Seeds falling to the ground, dying, and bringing forth new life in abundance… When Jesus used this metaphor with his Disciples he was talking about death and resurrection. He was talking about something that they, and we, know and experience in the world around us. The metaphor is apt and it is accurate. That “new fruit,” that “eternal life” in “all its fullness,” that “new existence, in which we are united with all the people of God, in the joy of fully knowing and loving God and each other” requires a death. Our participation in that new life requires the death of ways of seeing, of ways of thinking, of ways of being that diminish, demean and alienate; that belittle, deny and oppress; that injure those around us and which corrupt and destroy the light and life that is within us. Our journey to that new life requires that we walk with Jesus on the path to Calvary and that we participate in the cycle of death and resurrection. It is with this destination in our minds and on our hearts that we enter the seasons of Lent, Holy Week and Easter.

 

From the Proper Liturgy for Ash Wednesday, The invitation to the observance of a holy Lent:

Dear People of God: The first Christians observed with great devotion the days of our Lord’s passion and resurrection, and it became the custom of the Church to prepare for them by a season of penitence and fasting. This season of Lent provided a time in which converts to the faith were prepared for Holy Baptism. It was also a time when those who, because of notorious sins, had been separated from the body of the faithful were reconciled by penitence and forgiveness, and restored to the fellowship of the Church. Thereby, the whole congregation was put in mind of the message of pardon and absolution set forth in the Gospel of our Savior, and of the need which all Christians continually have to renew their repentance and faith.

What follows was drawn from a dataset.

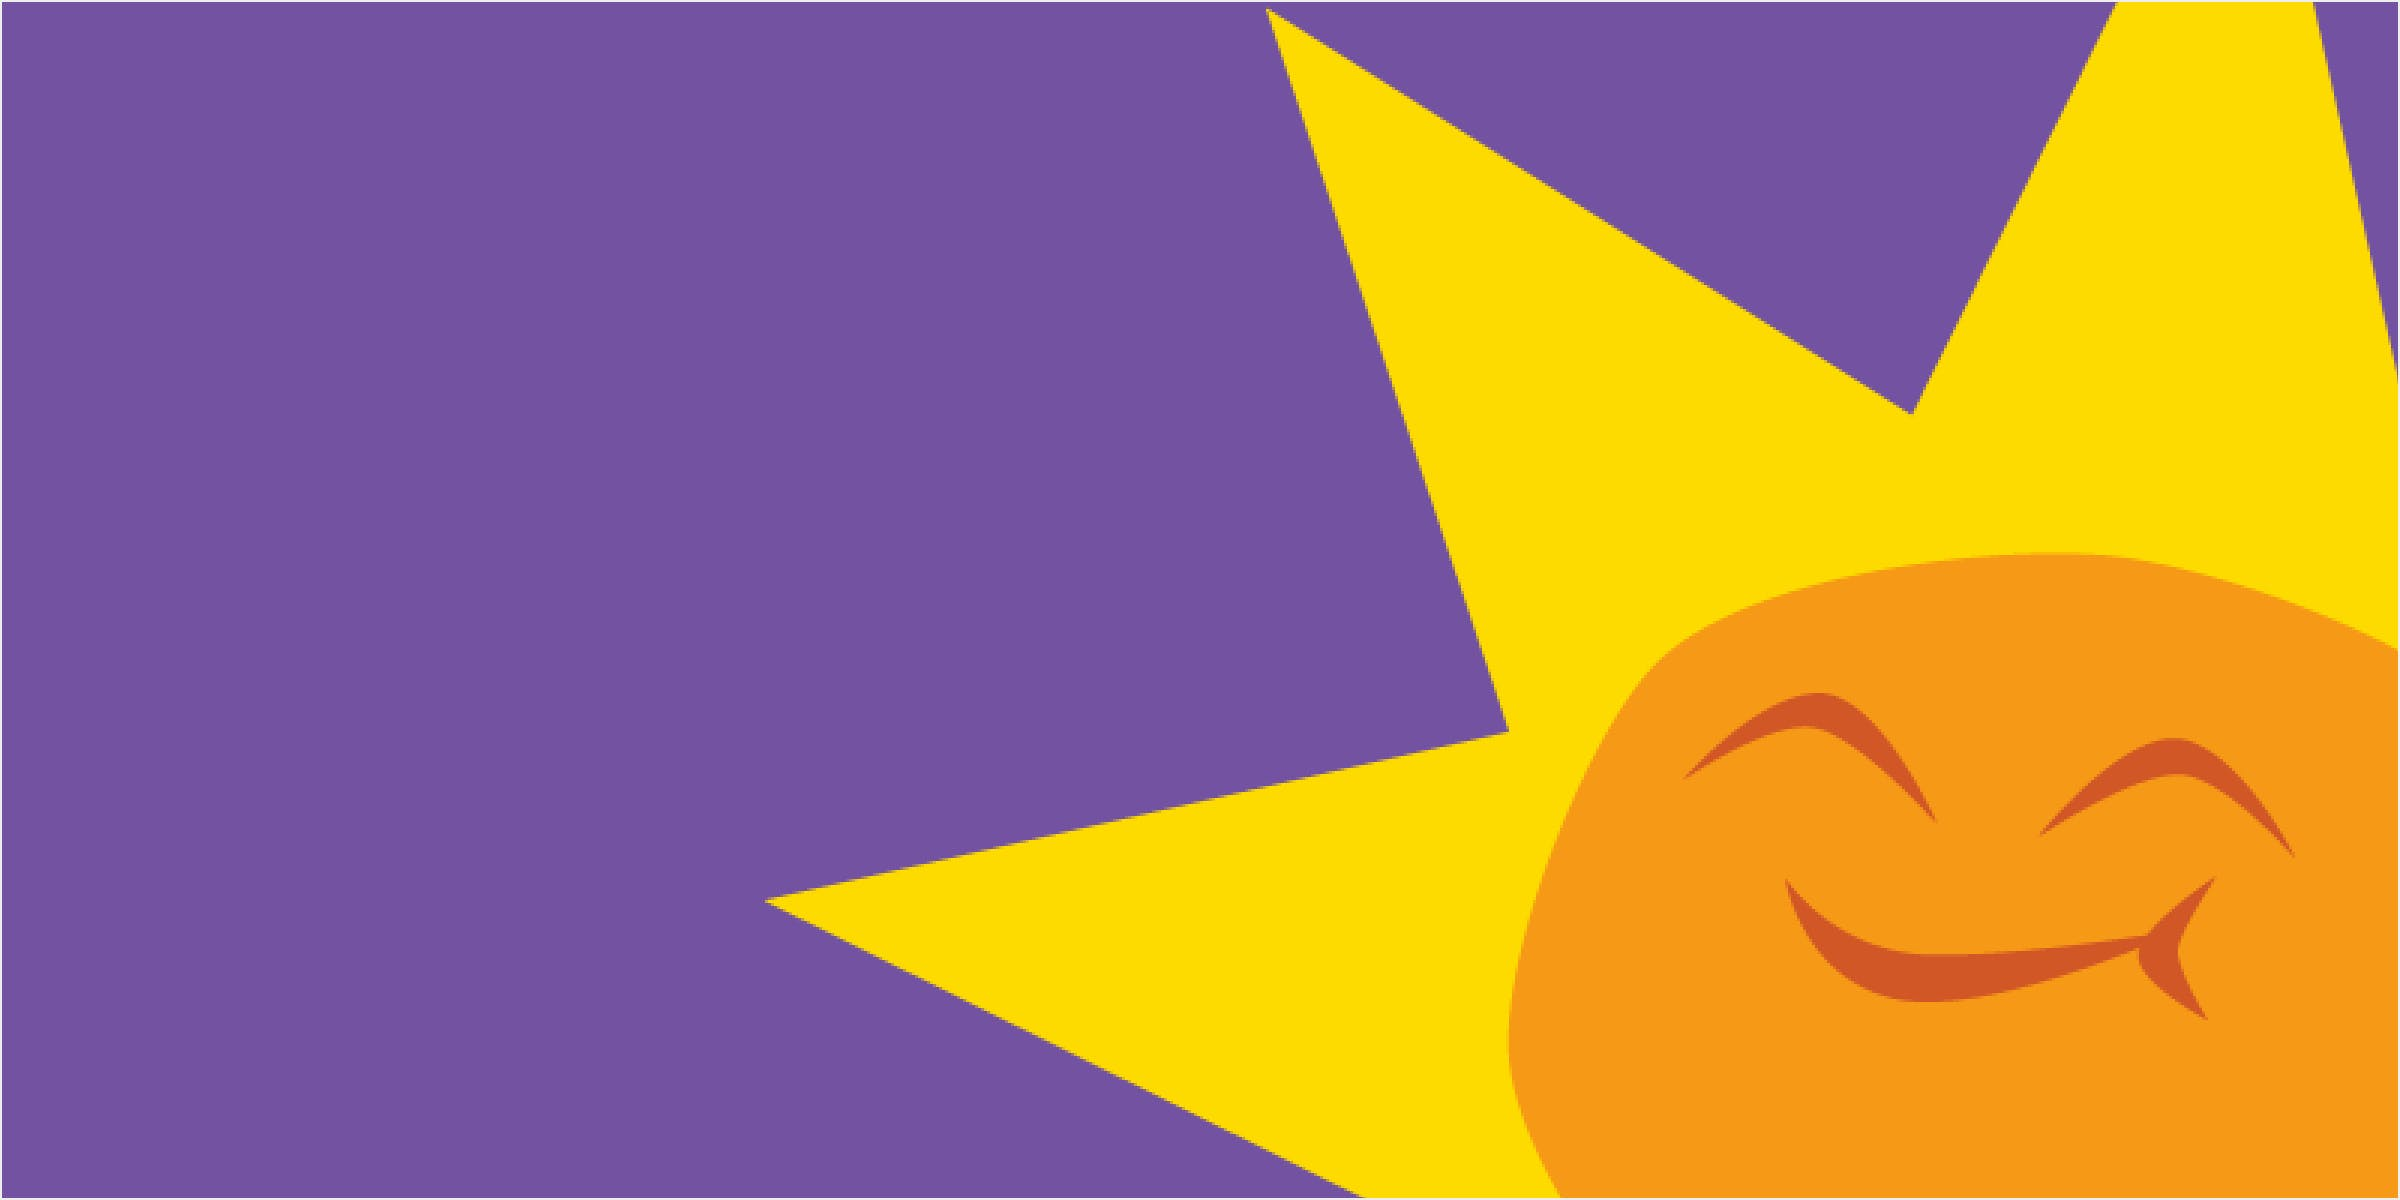 A smiling sun

I invite you, therefore, in the name of the Church, to the observance of a holy Lent, by self-examination and repentance; by prayer, fasting, and self-denial; and by reading and meditating on God’s holy Word. And, to make a right beginning of repentance, and as a mark of our mortal nature, let us now kneel before the Lord, our maker and redeemer (BCP p. 265).

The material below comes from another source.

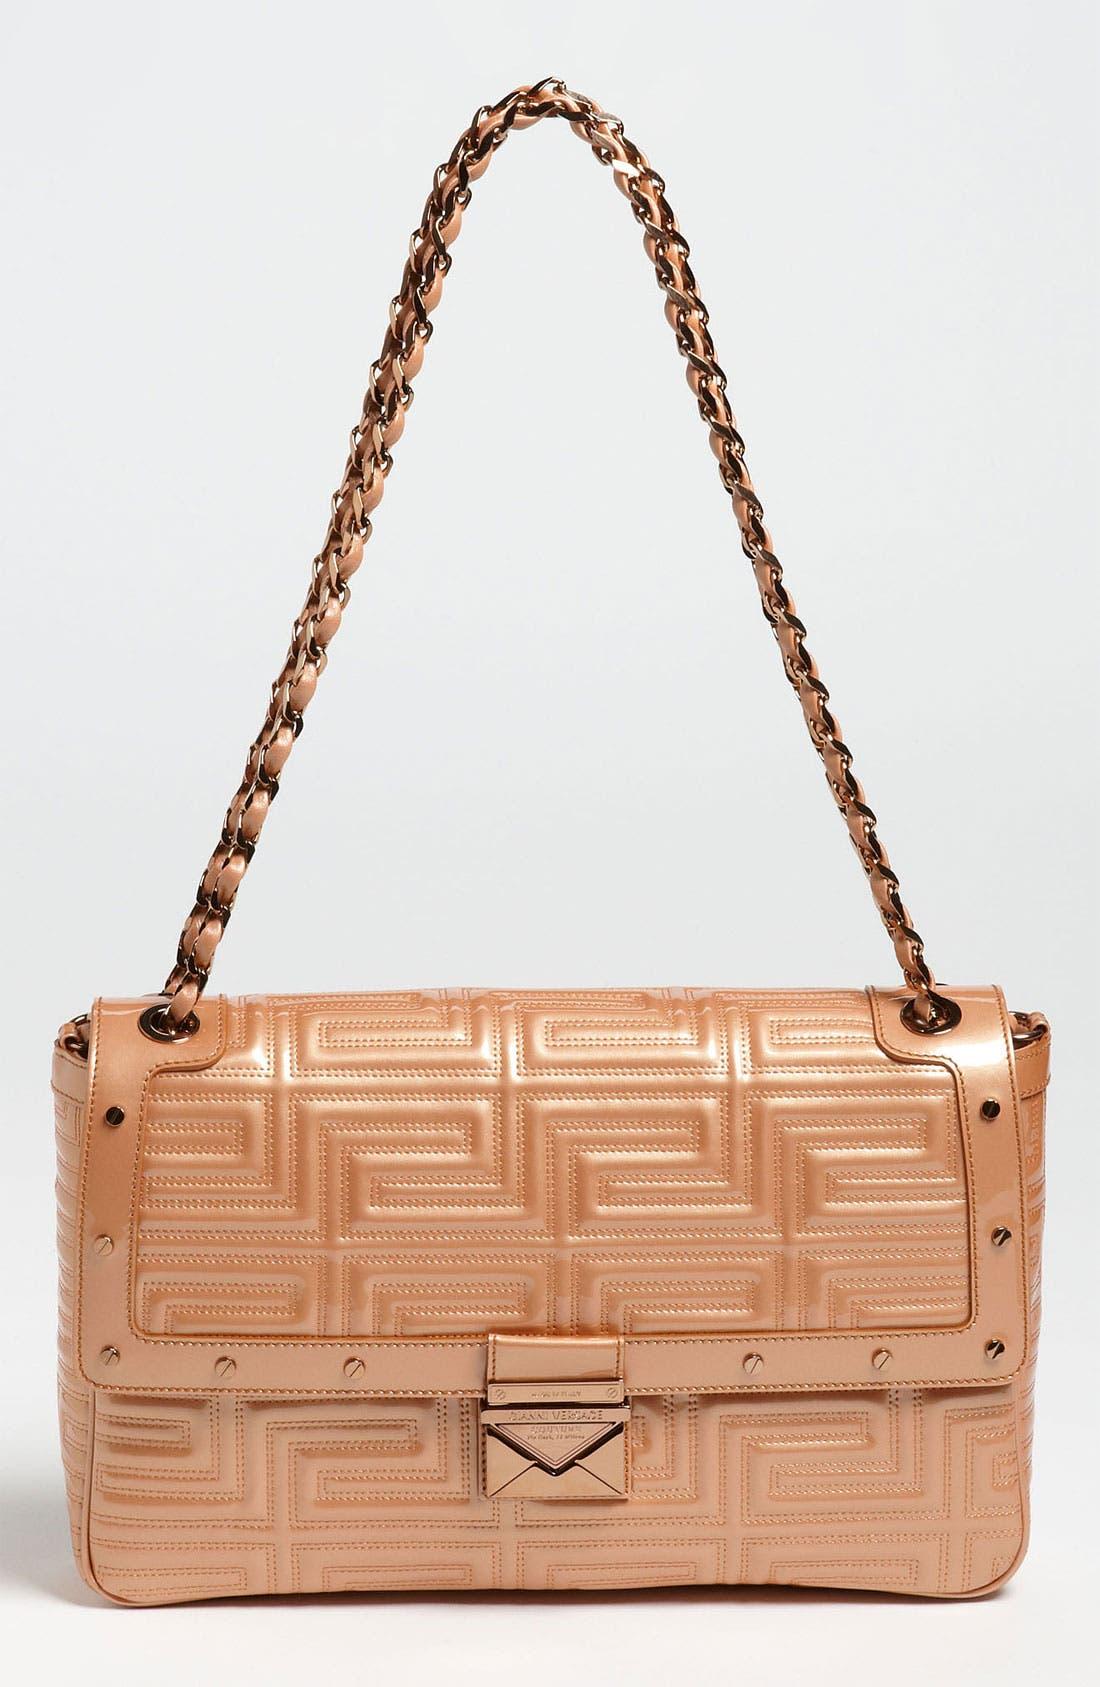 Main Image - Versace 'Large' Patent Leather Shoulder Bag

I love these words but I wish that they said a little more. While this invitation does point to the “message of pardon and absolution set forth in the Gospel” it feels a little limited in its scope. The invitation here is to the seasons of Lent, Holy Week, and Easter; to a season of self-examination and repentance, identifying the seeds within us that need to fall to the ground and die. It is an invitation to participate in the dramatic events of Holy Week, making ourselves vulnerable to the death that will make that new fruit, that abundant fullness of life lived in the joy of fully knowing God and each other. It is an invitation to step into the new light that will dawn on Easter Day and to live as if that life has come to fruition in each and every one of us and in the “we” that we proclaim at the beginning of the Nicene Creed.

Come, join the journey from Ash Wednesday, through the wilderness of Lent, pressing on through the chaos and pain that is Holy Week, and enter into the light of a new day, a new verb “life” eternal.